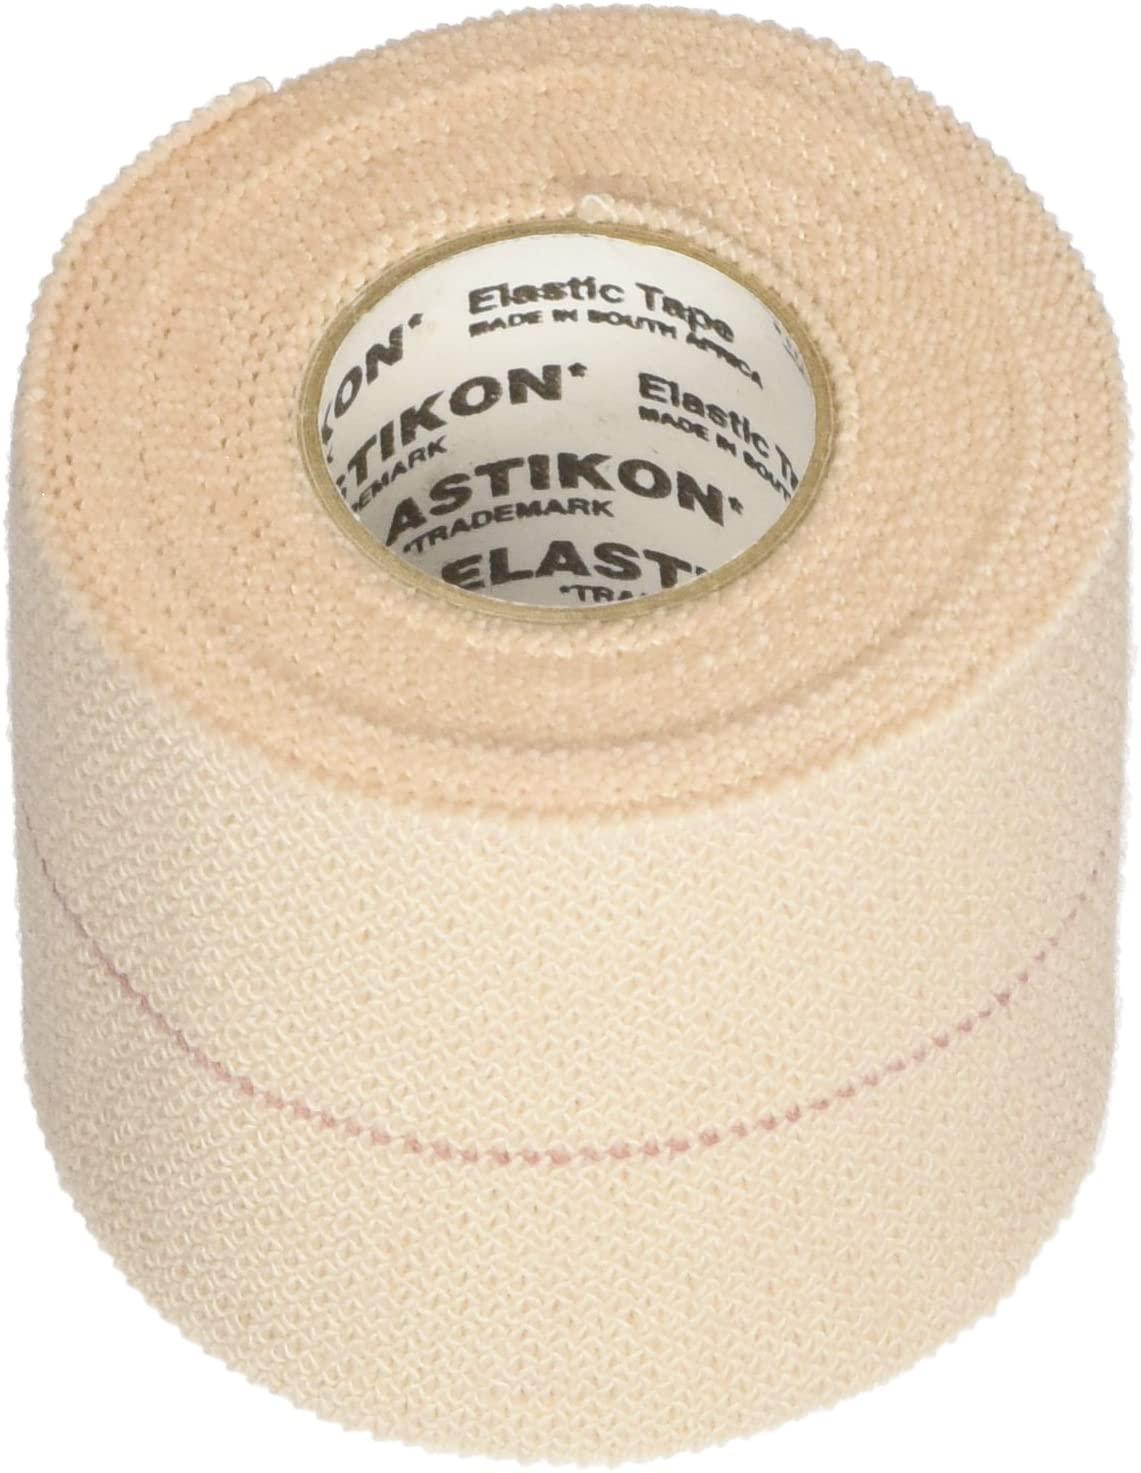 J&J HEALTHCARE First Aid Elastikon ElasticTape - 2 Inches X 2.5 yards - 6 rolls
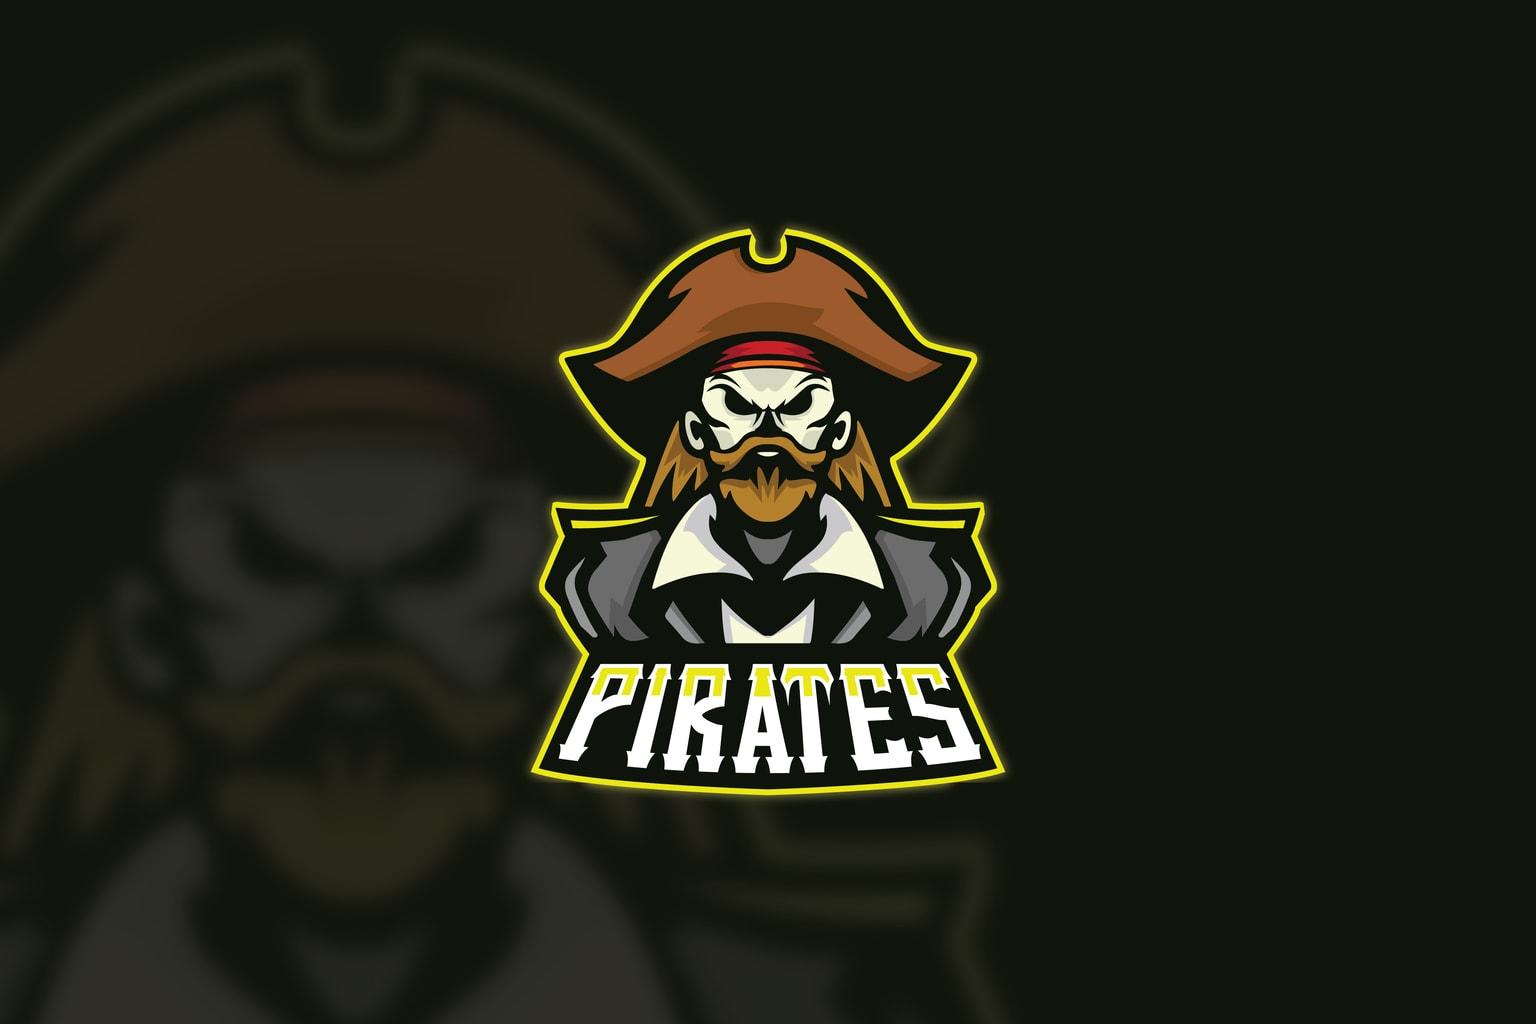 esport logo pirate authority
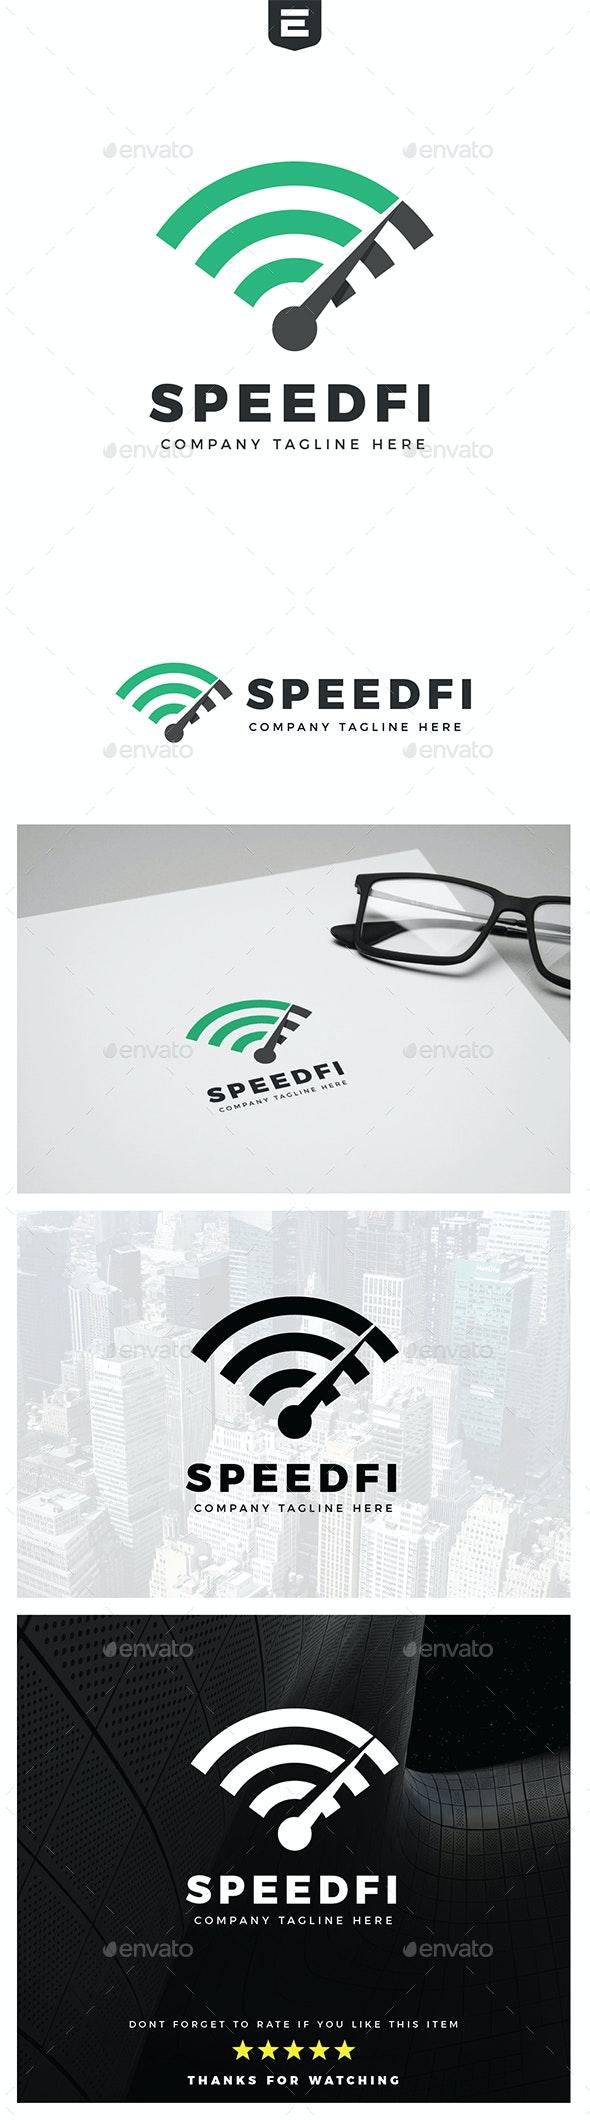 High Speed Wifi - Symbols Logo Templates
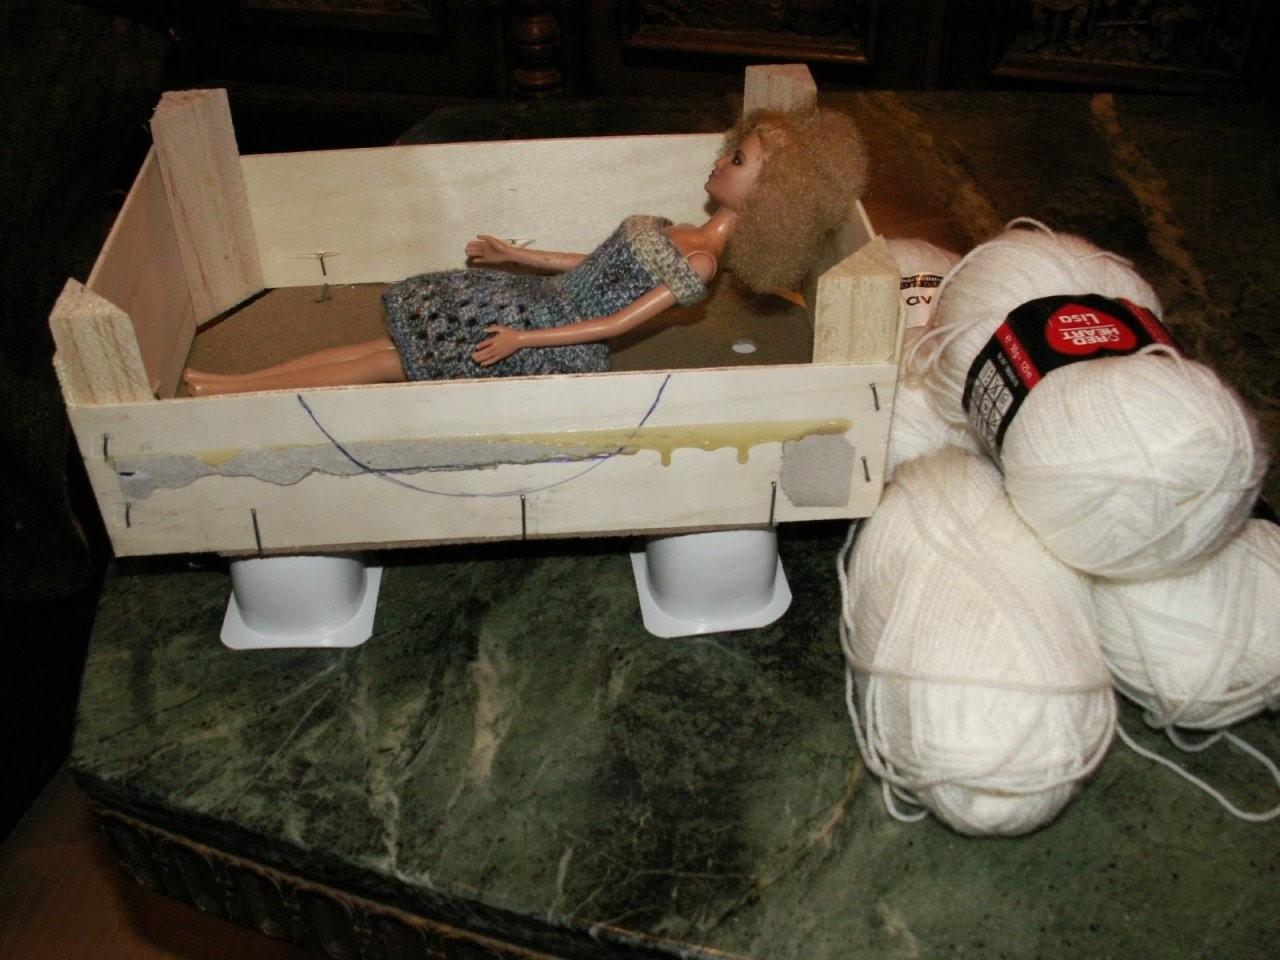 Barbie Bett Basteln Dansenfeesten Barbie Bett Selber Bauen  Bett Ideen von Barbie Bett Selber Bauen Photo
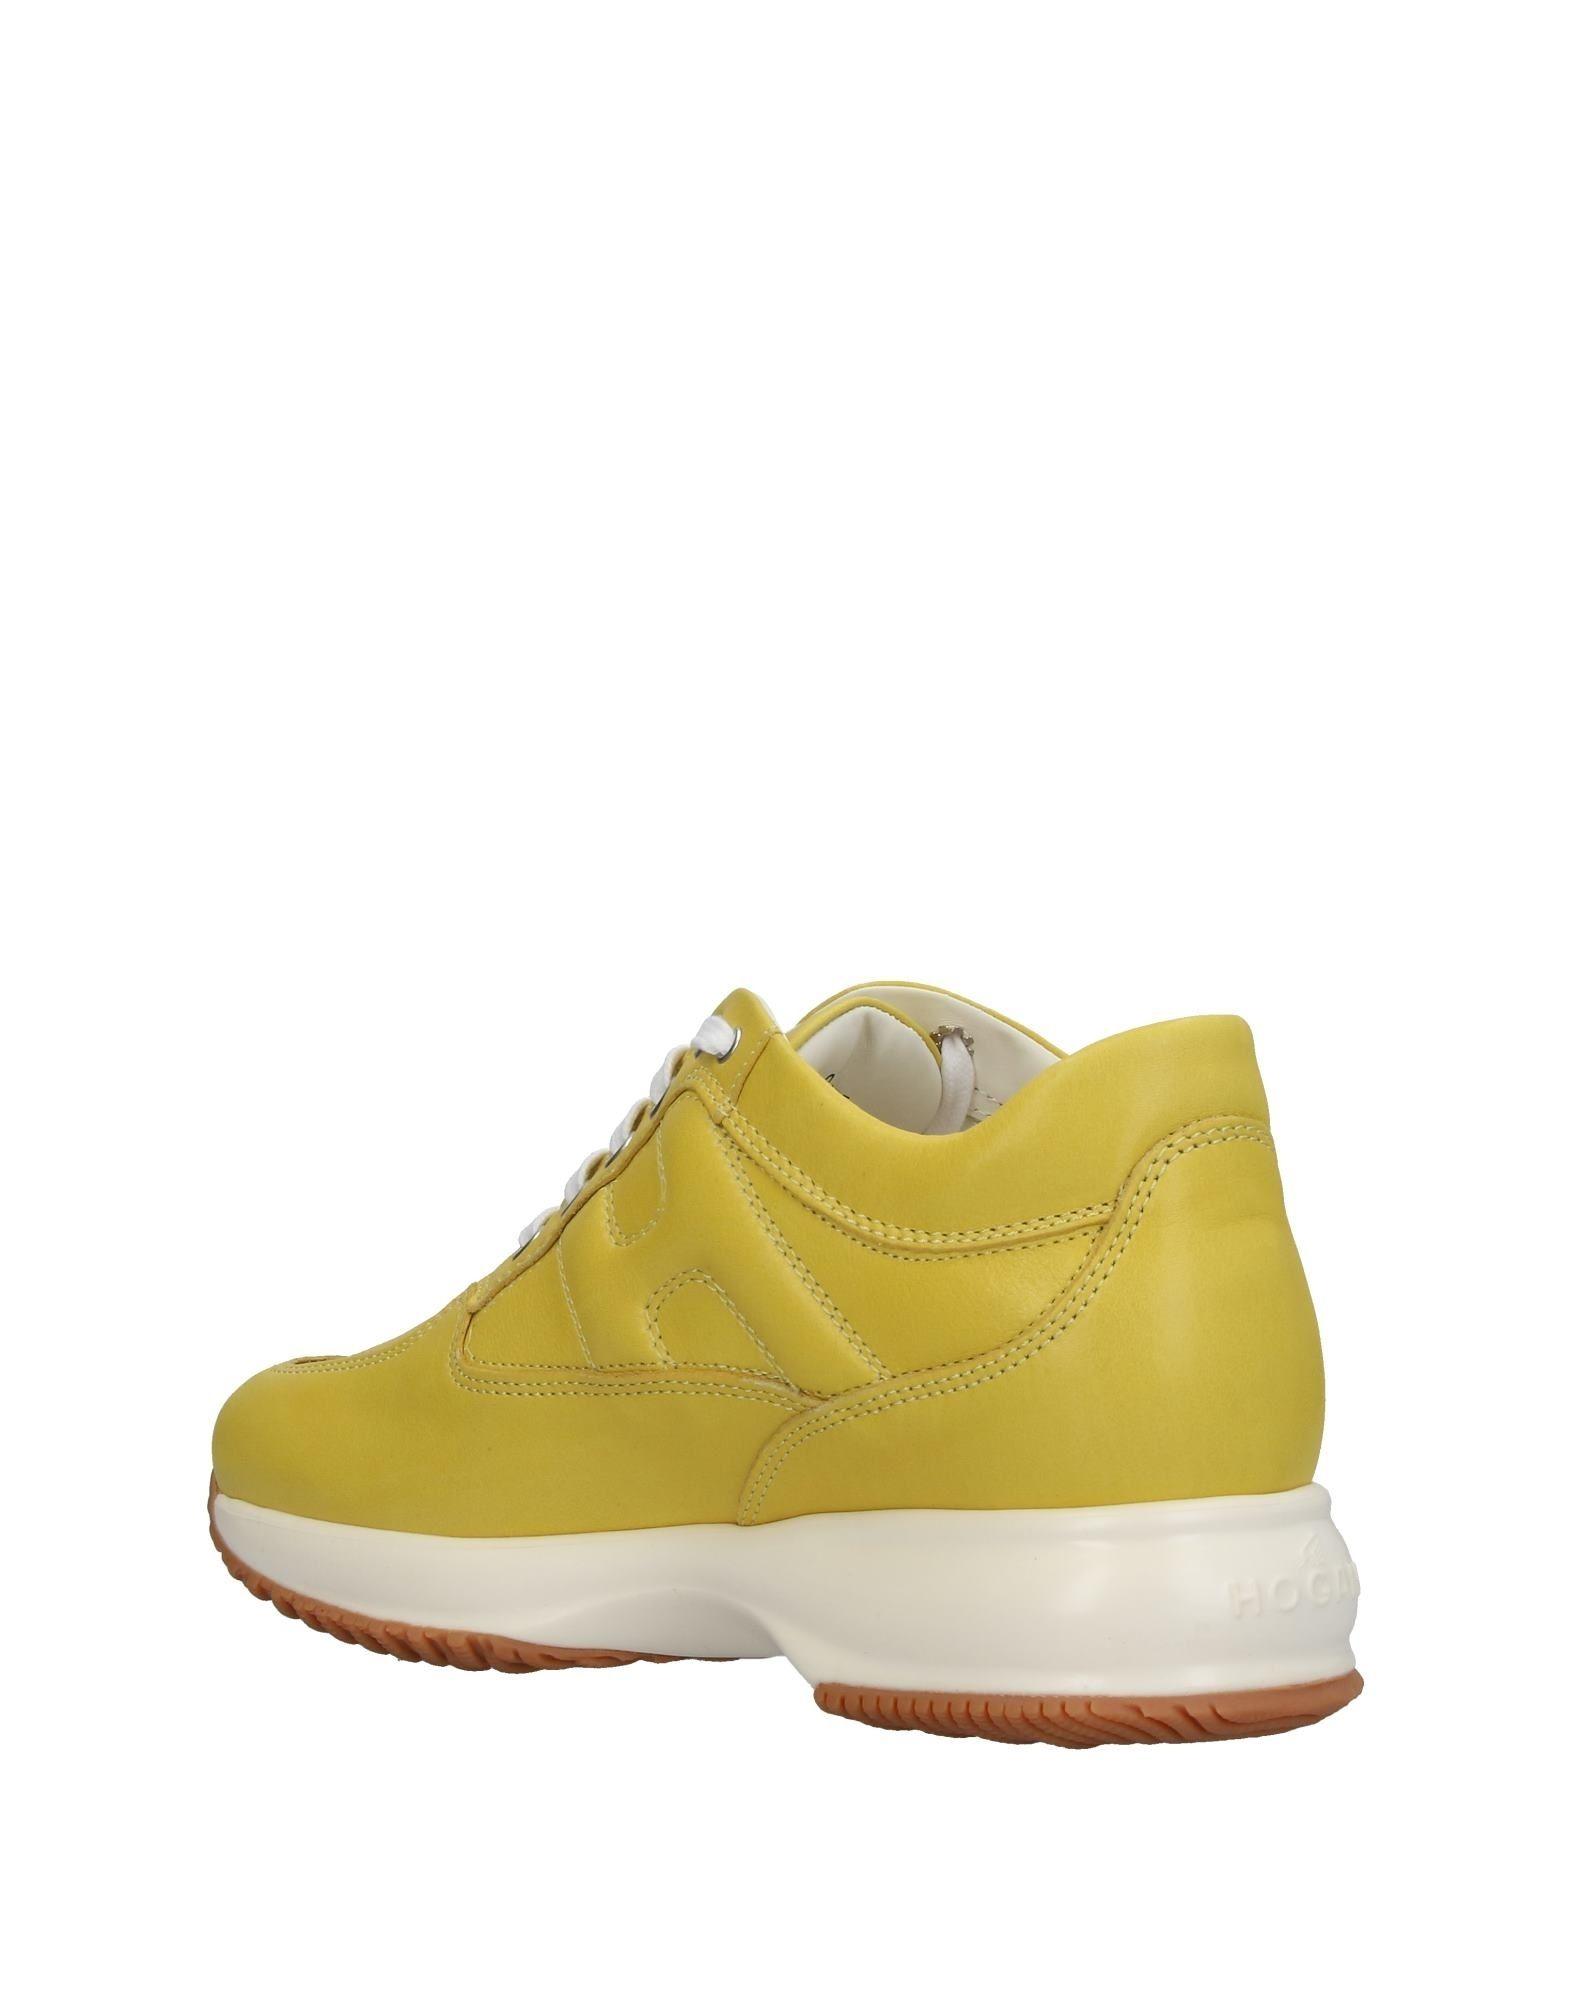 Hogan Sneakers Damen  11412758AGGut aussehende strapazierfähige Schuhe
■ ■ ■ ■ ■
» Problem to work on:
Everything from the first line of the entries through the line that contains "High Speed Wifi - Symbols Logo Templates" is to be reproduced exactly, except the pictures.

» Task solution:
 J&J HEALTHCARE First Aid Elastikon ElasticTape - 2 Inches X 2.5 yards - 6 rolls
 esport logo pirate authority
 High Speed Wifi - Symbols Logo Templates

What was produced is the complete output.